(Collected data)
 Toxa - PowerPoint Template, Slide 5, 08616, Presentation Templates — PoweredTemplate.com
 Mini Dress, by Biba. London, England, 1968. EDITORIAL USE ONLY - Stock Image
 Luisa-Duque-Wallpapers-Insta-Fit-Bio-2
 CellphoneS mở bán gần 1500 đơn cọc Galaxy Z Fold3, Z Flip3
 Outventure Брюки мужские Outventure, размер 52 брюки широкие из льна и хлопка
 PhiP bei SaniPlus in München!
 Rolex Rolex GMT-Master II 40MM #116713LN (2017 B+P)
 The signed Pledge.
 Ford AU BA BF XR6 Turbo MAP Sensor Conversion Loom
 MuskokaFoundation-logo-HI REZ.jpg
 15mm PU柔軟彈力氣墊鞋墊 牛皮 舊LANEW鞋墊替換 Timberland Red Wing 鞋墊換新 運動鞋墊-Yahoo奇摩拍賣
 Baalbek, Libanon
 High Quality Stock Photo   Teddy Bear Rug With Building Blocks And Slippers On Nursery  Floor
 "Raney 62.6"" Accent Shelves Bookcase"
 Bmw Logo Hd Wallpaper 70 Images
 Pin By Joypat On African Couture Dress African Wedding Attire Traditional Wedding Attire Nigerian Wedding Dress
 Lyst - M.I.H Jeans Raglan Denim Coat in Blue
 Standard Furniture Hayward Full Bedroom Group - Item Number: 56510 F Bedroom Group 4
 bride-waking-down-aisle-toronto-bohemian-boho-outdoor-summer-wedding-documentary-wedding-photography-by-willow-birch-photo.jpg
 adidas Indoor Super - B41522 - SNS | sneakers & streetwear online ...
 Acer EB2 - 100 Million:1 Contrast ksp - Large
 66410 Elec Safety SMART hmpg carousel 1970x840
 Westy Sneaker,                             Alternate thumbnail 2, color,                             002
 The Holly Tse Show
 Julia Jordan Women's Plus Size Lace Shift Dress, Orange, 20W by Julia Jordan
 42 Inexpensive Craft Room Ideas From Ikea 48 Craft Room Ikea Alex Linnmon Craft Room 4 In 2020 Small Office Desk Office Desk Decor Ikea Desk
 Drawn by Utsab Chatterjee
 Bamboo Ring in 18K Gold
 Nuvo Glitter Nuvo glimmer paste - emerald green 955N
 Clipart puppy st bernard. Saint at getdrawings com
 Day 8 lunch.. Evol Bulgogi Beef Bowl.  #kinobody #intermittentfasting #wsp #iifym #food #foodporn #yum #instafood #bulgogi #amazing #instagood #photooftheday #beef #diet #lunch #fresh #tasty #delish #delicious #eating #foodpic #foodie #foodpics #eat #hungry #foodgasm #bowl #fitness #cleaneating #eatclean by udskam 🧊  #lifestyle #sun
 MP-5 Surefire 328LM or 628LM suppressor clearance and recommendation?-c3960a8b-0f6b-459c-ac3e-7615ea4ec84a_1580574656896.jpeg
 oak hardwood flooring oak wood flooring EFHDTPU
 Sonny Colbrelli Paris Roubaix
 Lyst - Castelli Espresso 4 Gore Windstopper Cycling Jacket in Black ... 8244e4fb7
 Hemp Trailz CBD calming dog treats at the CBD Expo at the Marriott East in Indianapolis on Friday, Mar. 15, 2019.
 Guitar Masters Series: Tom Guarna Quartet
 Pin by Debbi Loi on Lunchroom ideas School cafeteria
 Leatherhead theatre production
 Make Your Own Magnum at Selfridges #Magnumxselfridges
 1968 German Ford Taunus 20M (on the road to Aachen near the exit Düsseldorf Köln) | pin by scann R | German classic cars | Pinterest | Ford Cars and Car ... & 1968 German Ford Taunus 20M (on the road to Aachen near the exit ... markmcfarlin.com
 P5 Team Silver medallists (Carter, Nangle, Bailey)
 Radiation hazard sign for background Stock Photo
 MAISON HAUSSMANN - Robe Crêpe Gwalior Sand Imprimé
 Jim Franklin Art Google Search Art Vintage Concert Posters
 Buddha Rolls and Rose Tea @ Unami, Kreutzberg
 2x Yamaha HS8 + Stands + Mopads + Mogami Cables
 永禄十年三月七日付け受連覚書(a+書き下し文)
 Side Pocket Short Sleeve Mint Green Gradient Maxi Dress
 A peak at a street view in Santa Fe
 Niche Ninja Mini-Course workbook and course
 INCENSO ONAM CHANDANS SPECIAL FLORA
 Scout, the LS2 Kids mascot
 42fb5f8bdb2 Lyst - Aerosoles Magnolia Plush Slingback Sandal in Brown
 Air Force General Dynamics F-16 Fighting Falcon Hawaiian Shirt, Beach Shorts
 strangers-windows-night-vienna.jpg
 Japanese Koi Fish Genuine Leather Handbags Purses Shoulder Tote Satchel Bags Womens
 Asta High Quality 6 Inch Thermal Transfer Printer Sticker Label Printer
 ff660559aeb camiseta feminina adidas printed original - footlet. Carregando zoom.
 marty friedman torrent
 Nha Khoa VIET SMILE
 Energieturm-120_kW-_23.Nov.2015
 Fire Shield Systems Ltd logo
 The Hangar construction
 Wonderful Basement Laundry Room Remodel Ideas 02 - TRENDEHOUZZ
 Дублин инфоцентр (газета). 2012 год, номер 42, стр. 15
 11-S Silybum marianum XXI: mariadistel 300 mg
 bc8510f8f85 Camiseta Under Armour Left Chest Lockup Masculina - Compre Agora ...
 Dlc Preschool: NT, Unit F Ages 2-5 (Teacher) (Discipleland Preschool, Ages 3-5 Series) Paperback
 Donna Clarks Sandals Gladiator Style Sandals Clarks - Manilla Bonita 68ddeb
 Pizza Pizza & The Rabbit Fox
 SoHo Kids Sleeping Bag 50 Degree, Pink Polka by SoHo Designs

[Problem to solve]:
Set down, exactly as they appear above, all lines from the one that has "Niche Ninja Mini-Course workbook and course" down to the one that has "Дублин инфоцентр (газета).", including those two and no others.

[Written reply]:
 Niche Ninja Mini-Course workbook and course
 INCENSO ONAM CHANDANS SPECIAL FLORA
 Scout, the LS2 Kids mascot
 42fb5f8bdb2 Lyst - Aerosoles Magnolia Plush Slingback Sandal in Brown
 Air Force General Dynamics F-16 Fighting Falcon Hawaiian Shirt, Beach Shorts
 strangers-windows-night-vienna.jpg
 Japanese Koi Fish Genuine Leather Handbags Purses Shoulder Tote Satchel Bags Womens
 Asta High Quality 6 Inch Thermal Transfer Printer Sticker Label Printer
 ff660559aeb camiseta feminina adidas printed original - footlet. Carregando zoom.
 marty friedman torrent
 Nha Khoa VIET SMILE
 Energieturm-120_kW-_23.Nov.2015
 Fire Shield Systems Ltd logo
 The Hangar construction
 Wonderful Basement Laundry Room Remodel Ideas 02 - TRENDEHOUZZ
 Дублин инфоцентр (газета). 2012 год, номер 42, стр. 15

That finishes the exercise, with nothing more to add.